= Suzanne Moon =

American historian of technology

Suzanne Marie Moon (born 1962) is an American historian of technology whose research focuses on agriculture and industry in Indonesia and more broadly in Southeast Asia. She is a Luke N. Walker Presidential Professor in the Department of the History of Science, Technology, and Medicine at the University of Oklahoma.

==Education and career==
Moon is originally from Atlanta, Georgia, where she was born in 1962. She majored in computer engineering at Auburn University, graduating in 1984, and earned a master's degree in electrical engineering in 1986 at Duke University, following which she worked as a software engineer in North Carolina.

Returning to graduate study in science and technology studies at Cornell University in the early 1990s, she earned a second master's degree in 1996 and completed her Ph.D. in 2000. Her dissertation, Constructing "Native Development": Technological Change and the Politics of Colonization in the Netherlands East Indies, 1905–1930, was supervised by Ronald R. Kline.

She became an assistant professor in the Science, Technology, and Society Program at Pennsylvania State University from 2000 to 2002, and an assistant professor in the Division of Liberal Arts and International Studies at the Colorado School of Mines from 2002 to 2007, before taking her present position at the University of Oklahoma.

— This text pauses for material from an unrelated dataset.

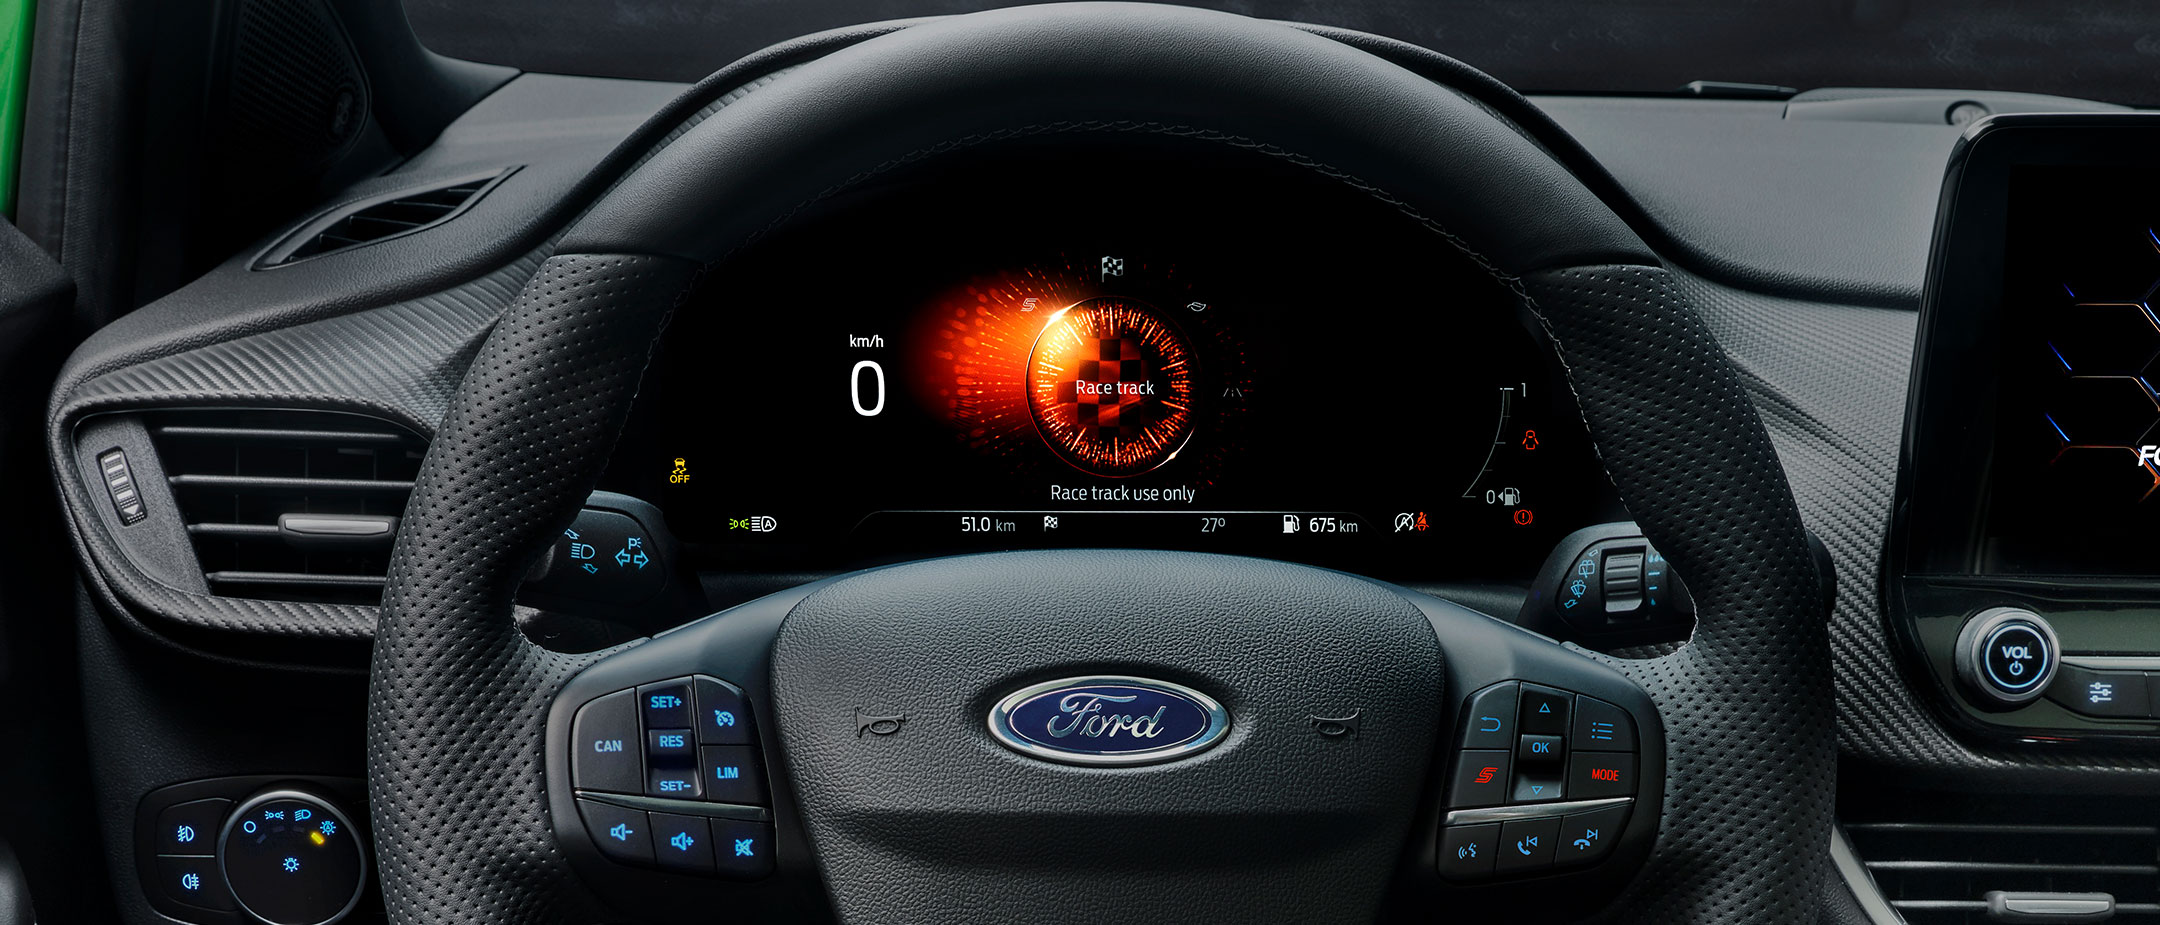 Ford Puma ST dashboard showing drive modes

She was editor-in-chief of the journal Technology and Culture from 2011 to 2021, the first woman to hold that position.

==Books==
Moon's books include:
- Technology and Ethical Idealism: A History of Development in the Netherlands East Indies (CNWS, 2007)
- Technology in Southeast Asian History (Johns Hopkins University Press, 2023)

==Recognition==
Moon was the 2021 recipient of the Leonardo da Vinci Medal, the highest honor of the Society for the History of Technology.